Exercise aim: Quote the whole listing exactly. Leave the pictures out of your copy.

Dataset extract:
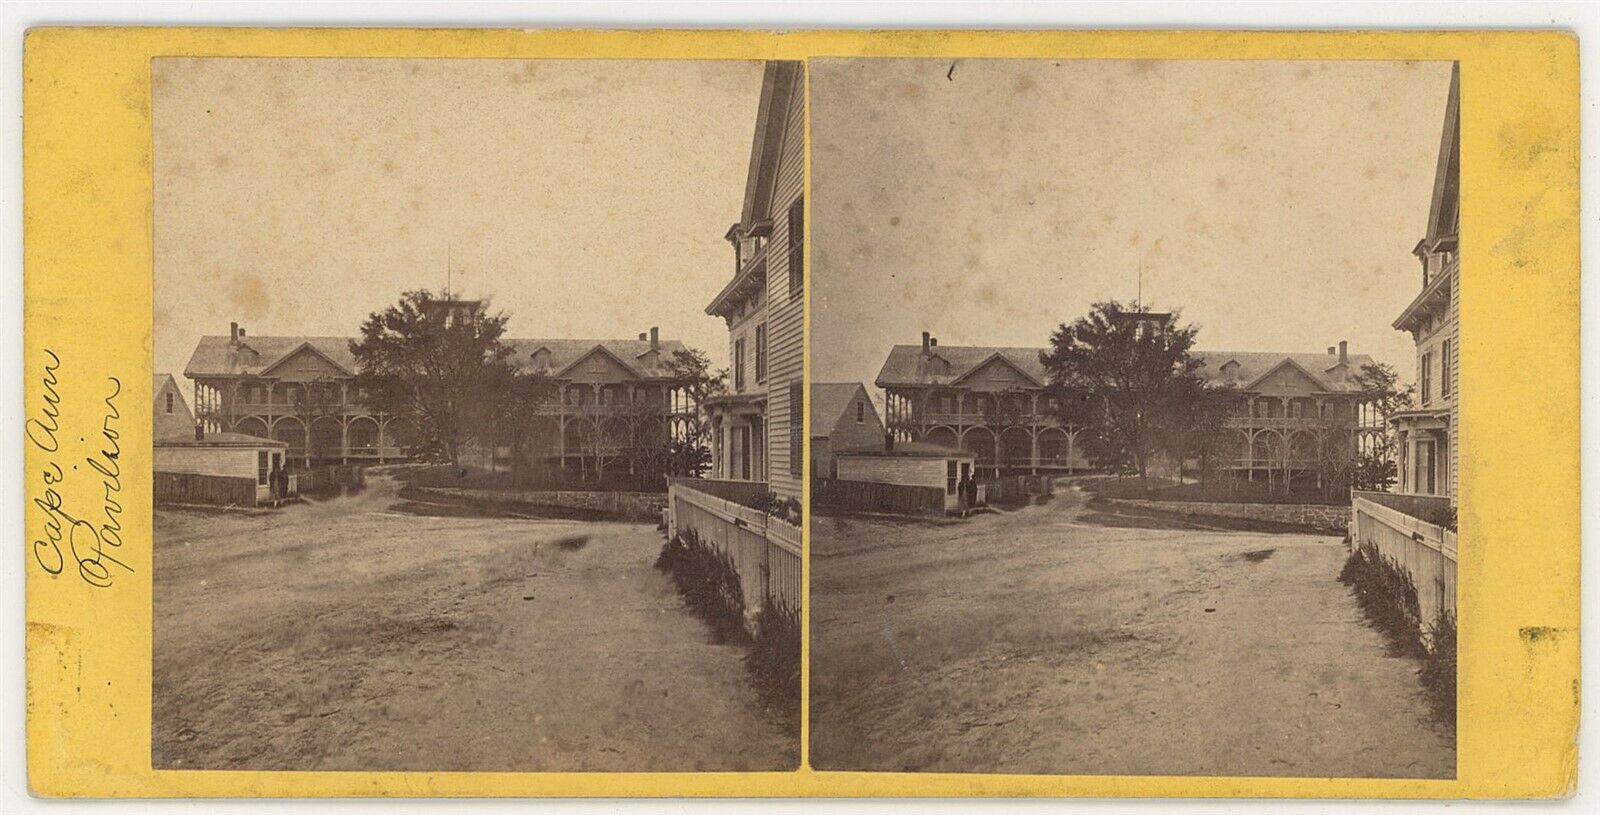 MASSACHUSETTS SV - Cape Ann - Pavilion - Heywood 1860s EARLY
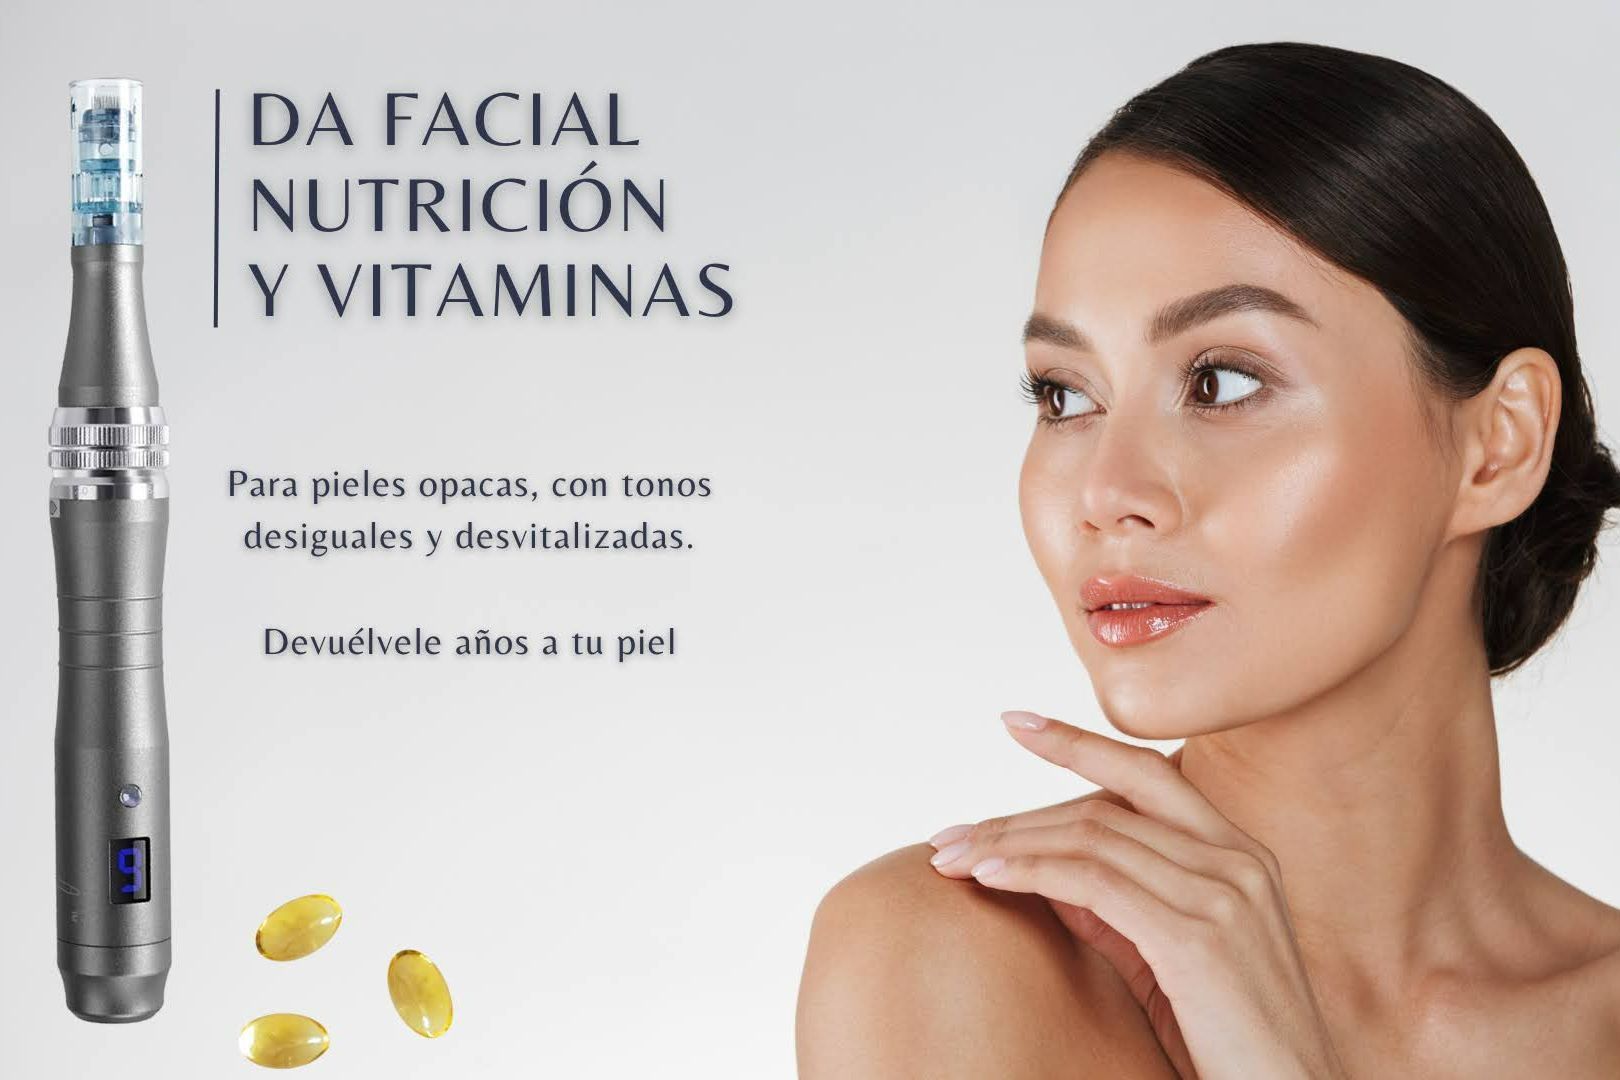 DA Facial Nutrition & Vitaminas portfolio
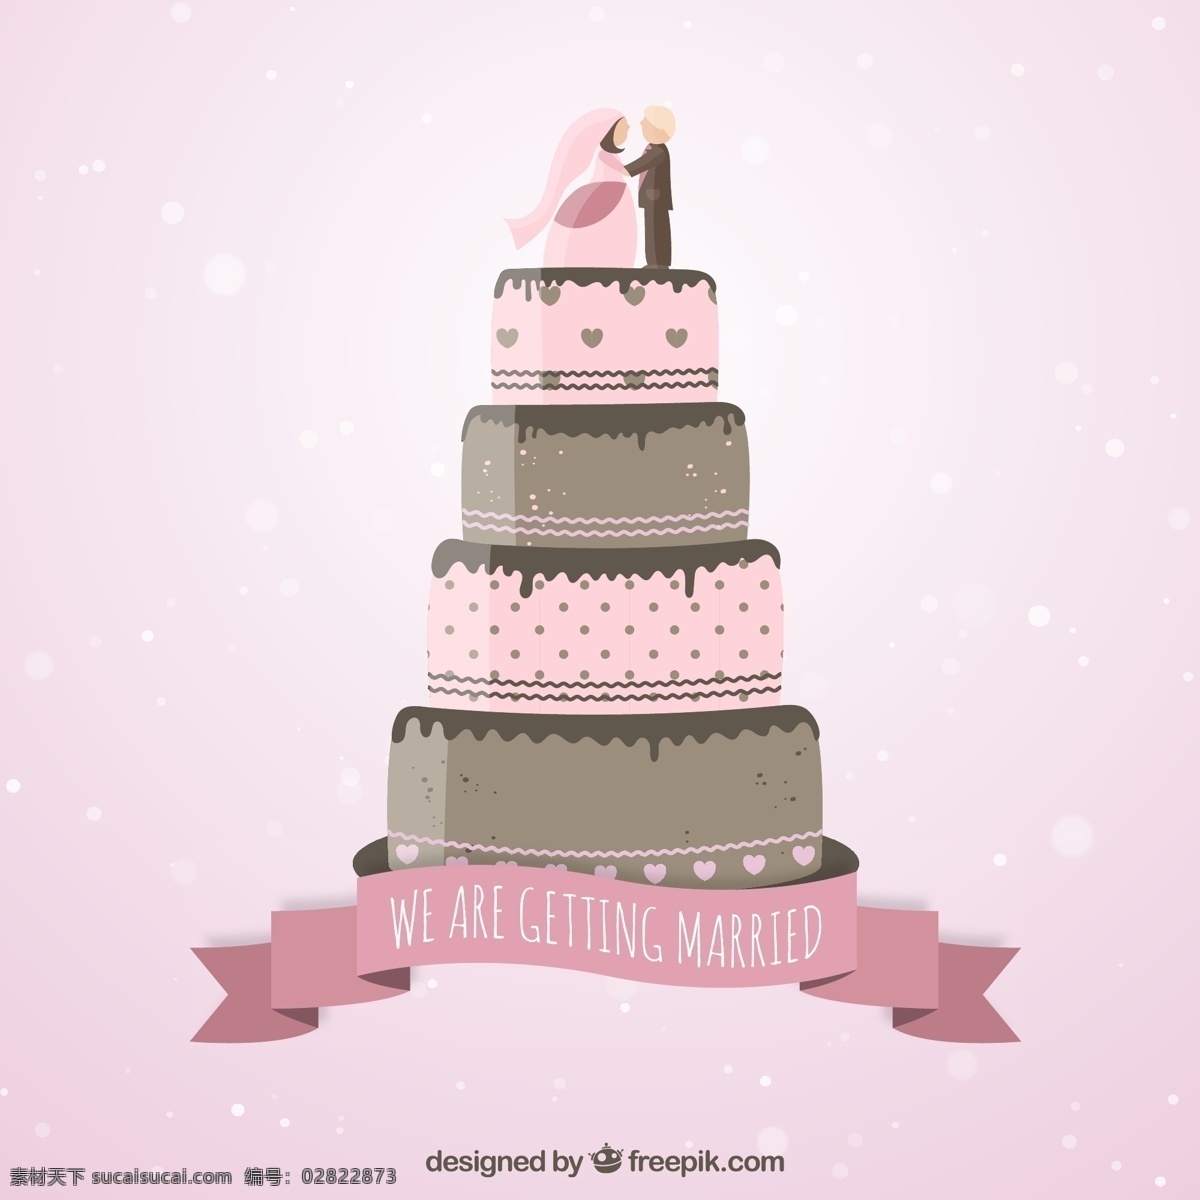 粉色婚礼请柬 婚礼 蛋糕 粉红色 庆典 新娘 装饰 甜品 浪漫 庆祝 订婚 结婚 新郎 仪式

Result for this task:
 MASSACHUSETTS SV - Cape Ann - Pavilion - Heywood 1860s EARLY
 DA Facial Nutrition & Vitaminas portfolio
 粉色婚礼请柬 婚礼 蛋糕 粉红色 庆典 新娘 装饰 甜品 浪漫 庆祝 订婚 结婚 新郎 仪式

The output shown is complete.